Mercedes-AMG C63 S vs Alfa Romeo Giulia Quadrifoglio - super saloons go head-to-head
We pit the Mercedes-AMG C63 S against Alfa Romeo's Giulia Quadrifoglio to find out which is best
You see it in sport, you see it in art and I’m sure you see it with cars. People, or the objects they create, only being truly, fully appreciated retrospectively. Sometimes a sportsperson makes winning look too easy or they are so dominant that people lose interest (Loeb, Schumacher). Sometimes someone is unlucky enough to be competing in the same era as someone even better, so their own remarkable talent doesn’t get the praise it deserves (several pros playing golf between about 1997 and 2014). Sometimes people are creatively too far ahead of the curve for the public to appreciate (Van Gogh). Sometimes cars are seen as too expensive at the time, even though later people can’t get enough of them as their genre-defining qualities become clear (original BMW M5).

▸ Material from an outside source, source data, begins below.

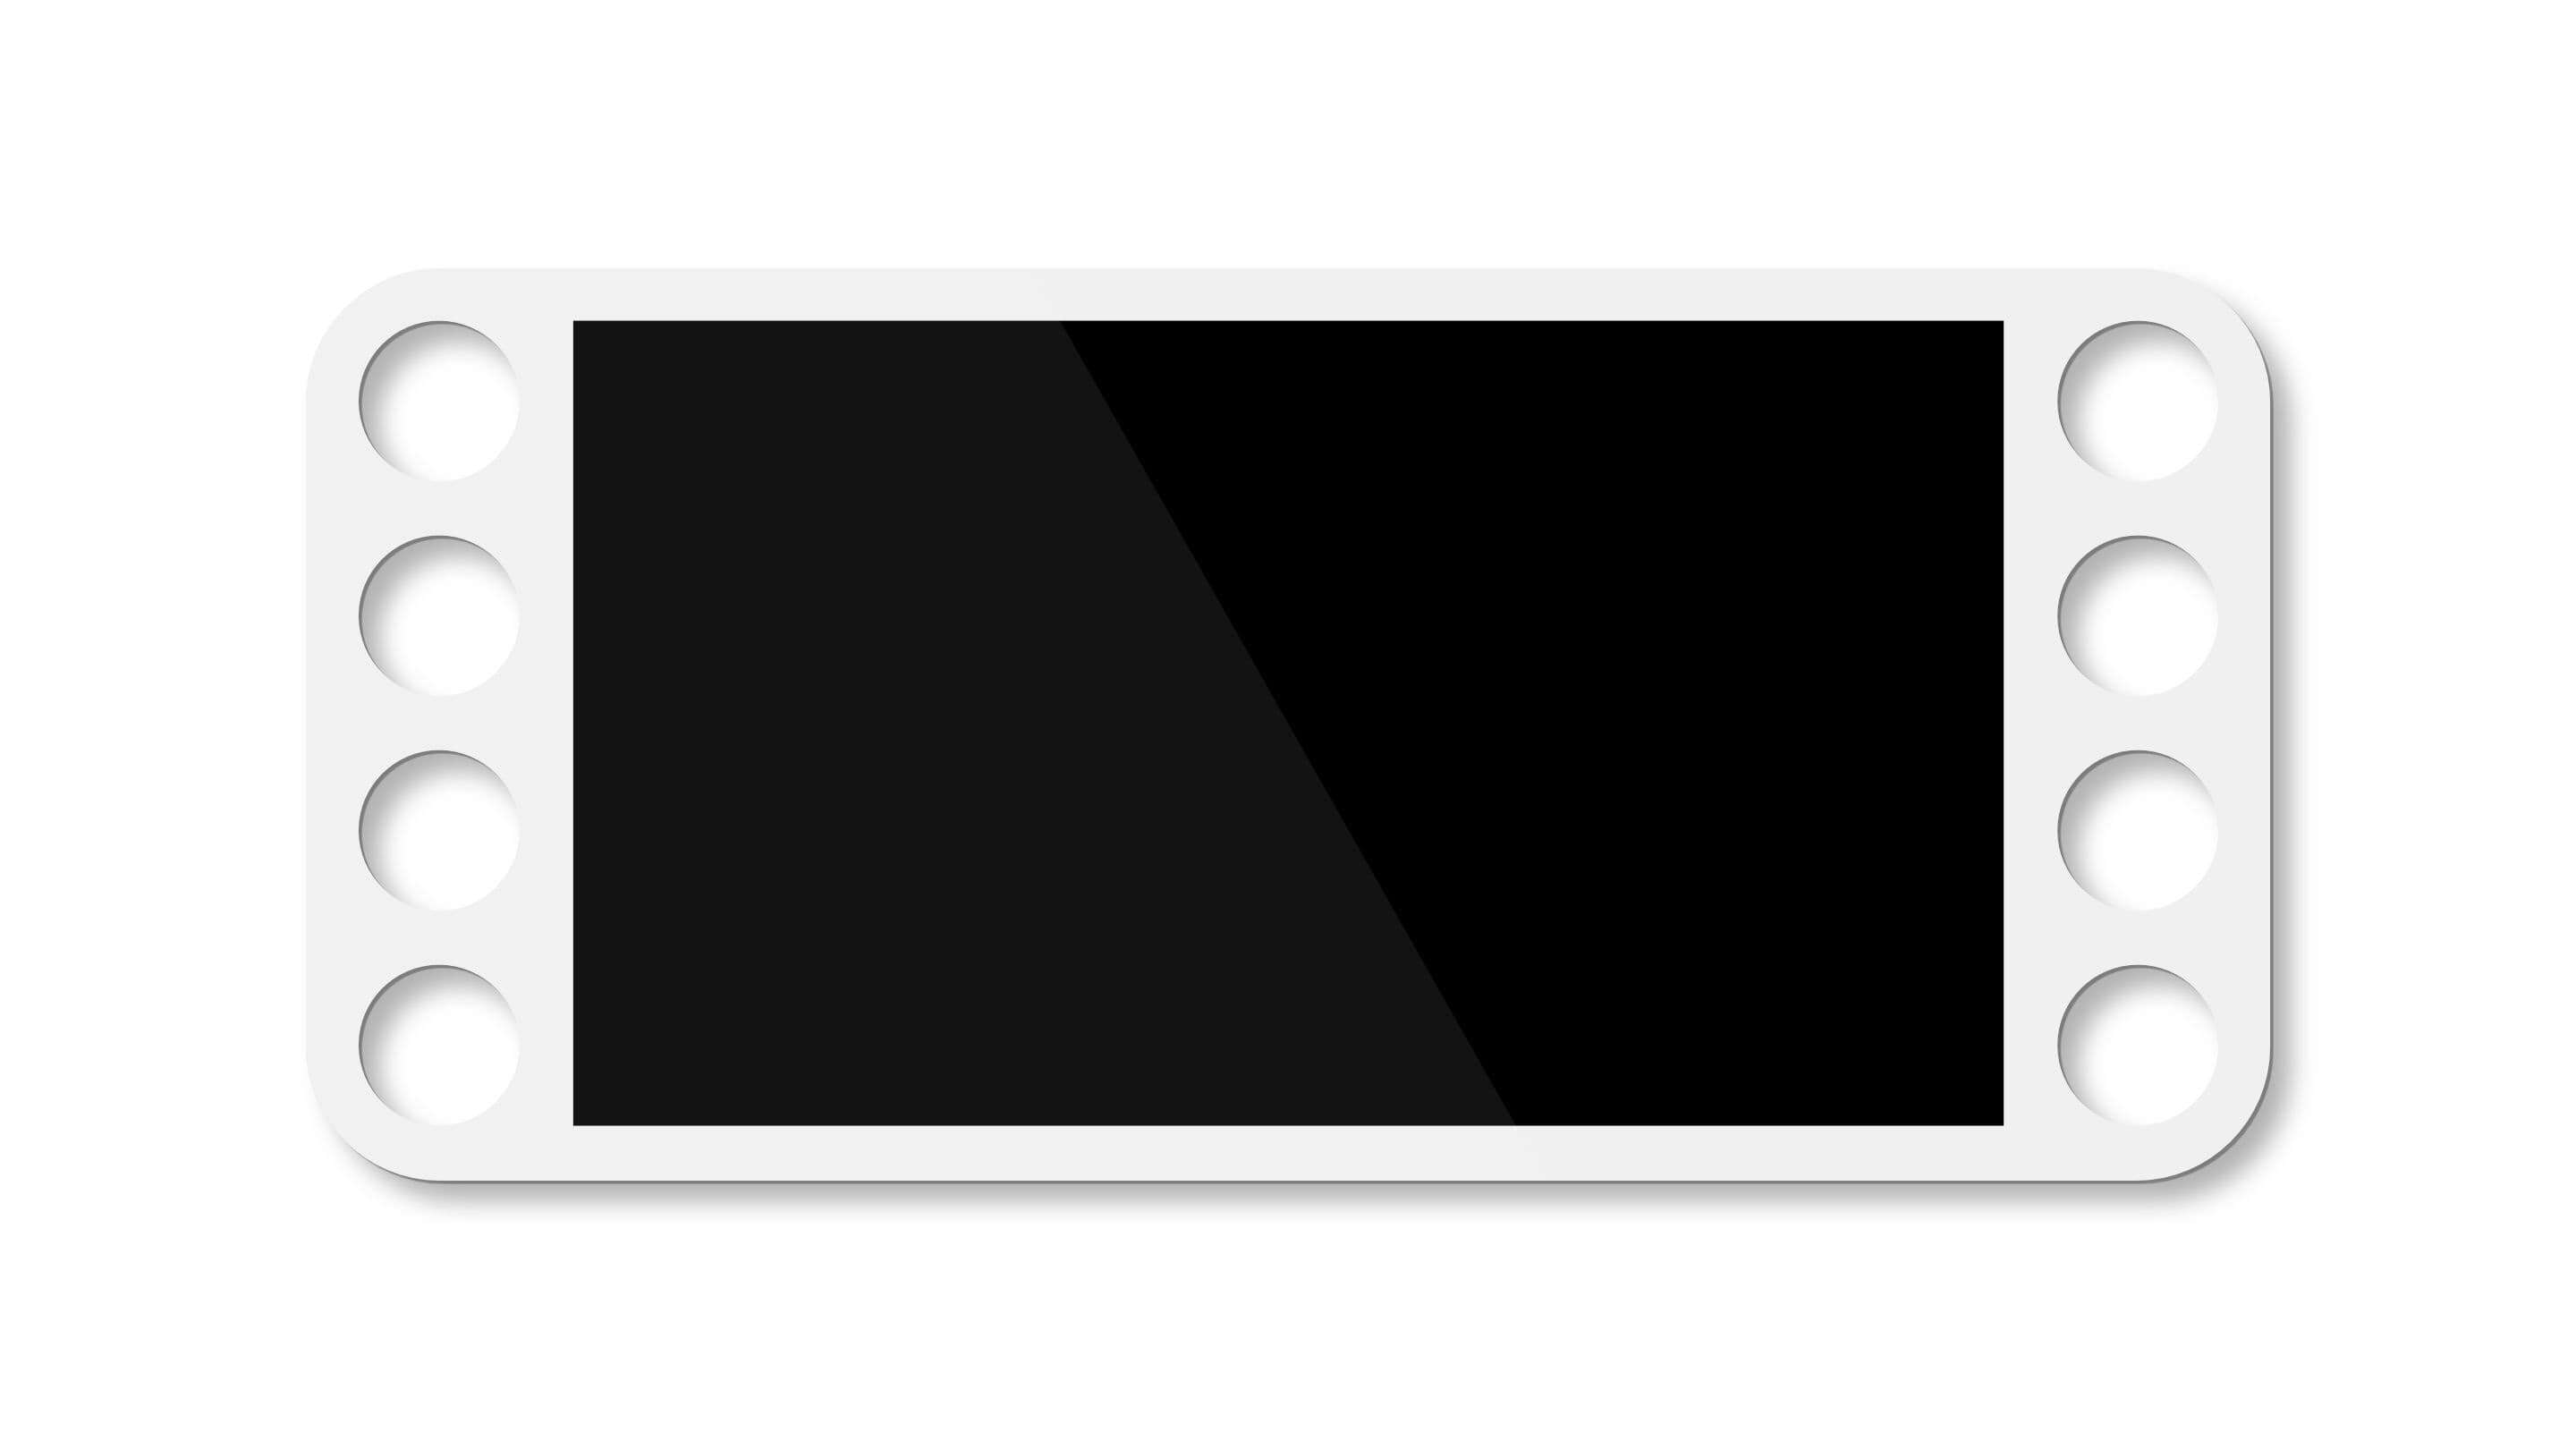 টাচ স্ক্রিন - হোয়াইট পলিকার্বোনেট টাচ স্ক্রিন বন্ডেড মেডিকেল একটি সাদা সীমানা সহ একটি কালো আয়তক্ষেত্রাকার বস্তু
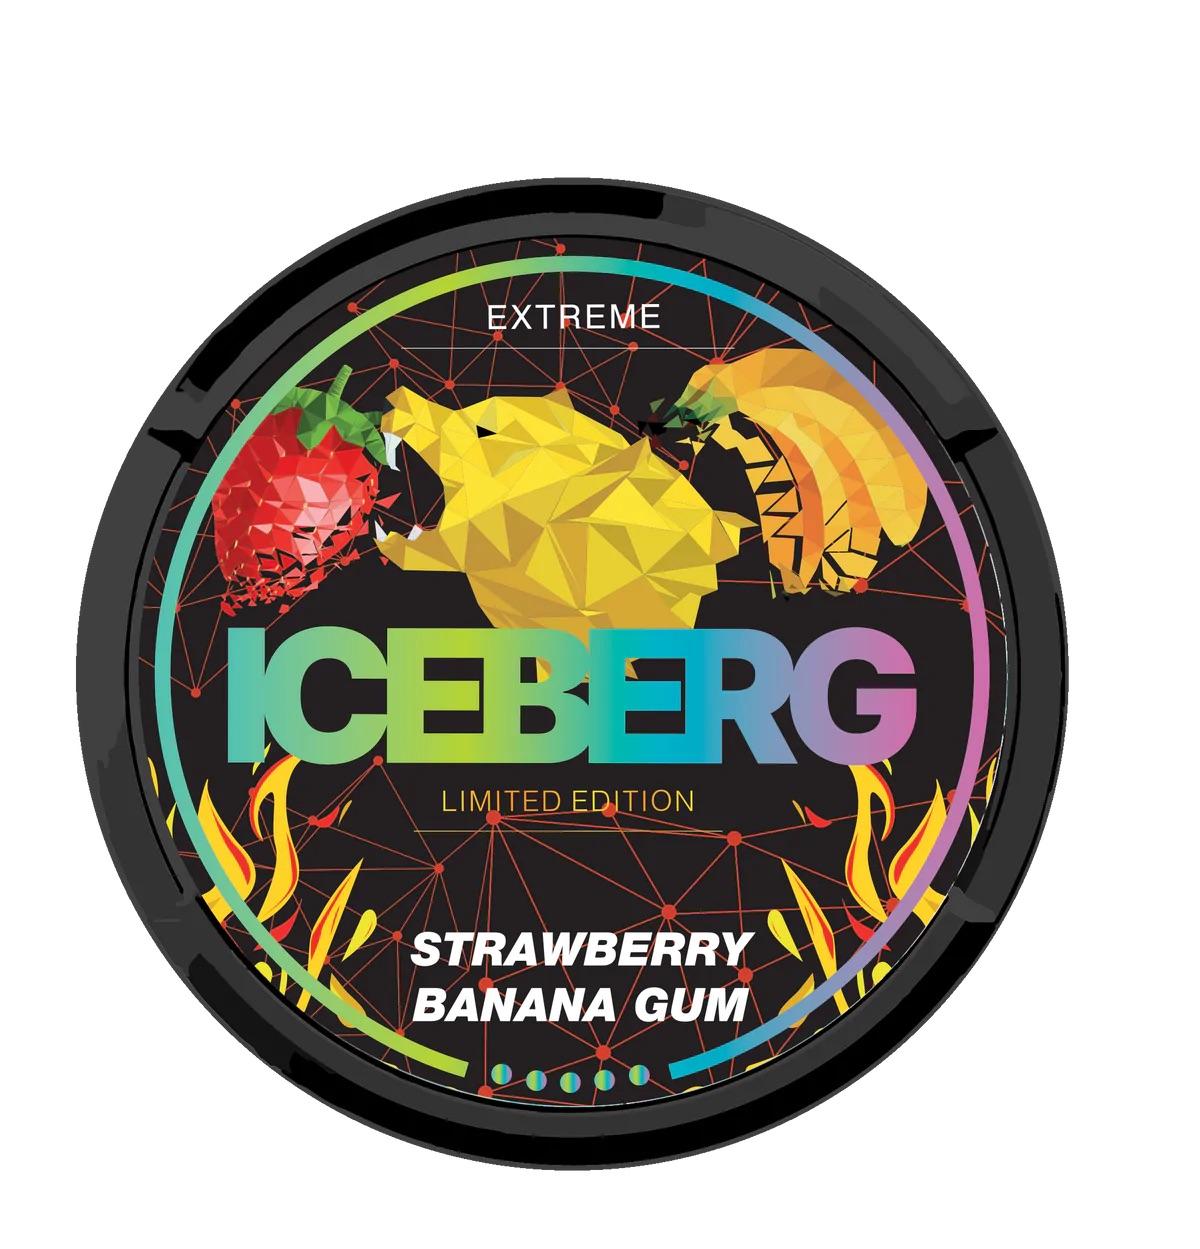 Iceberg extreme. Iceberg Banana Gum. Iceberg Limited Edition - Strawberry. Extreme Gum.
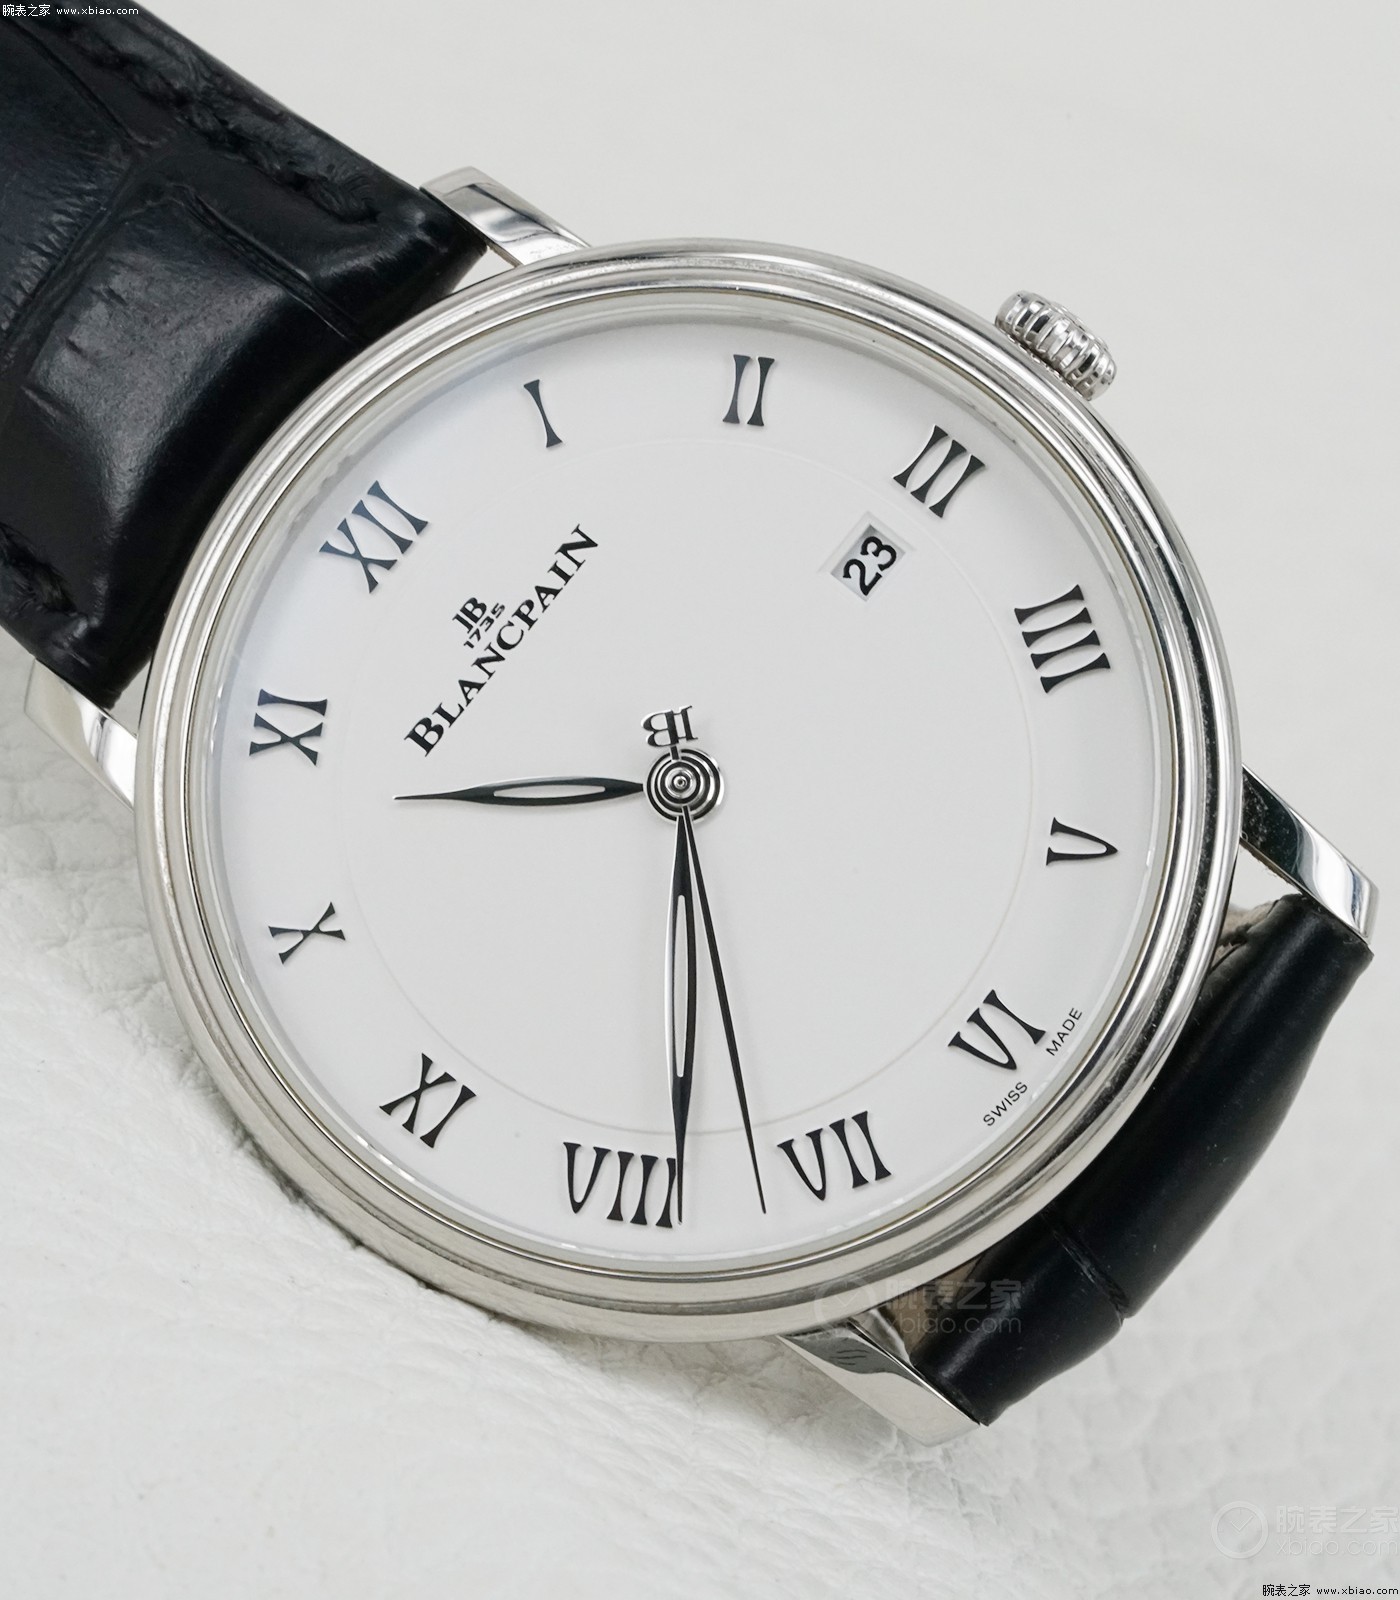 宝珀经典系列6651-1127-55B腕表，官价7万7，尖端名表入门款，简约但不简单

Now, I’m fairly sure that this wasn’t the first feature that most of you turned to in this issue. Understandable. These are saloons not svelte sportscars and both look very familiar (even if the Mercedes is a new facelift). What’s more they look slightly bereft without a BMW in their midst. An M3 is the benchmark and regardless of its eventual position on the podium it’s somehow the reference around which the other smallish sporty saloons orbit. They are destined to live in the class the M3 has defined and, as a result, often reside in its shadow.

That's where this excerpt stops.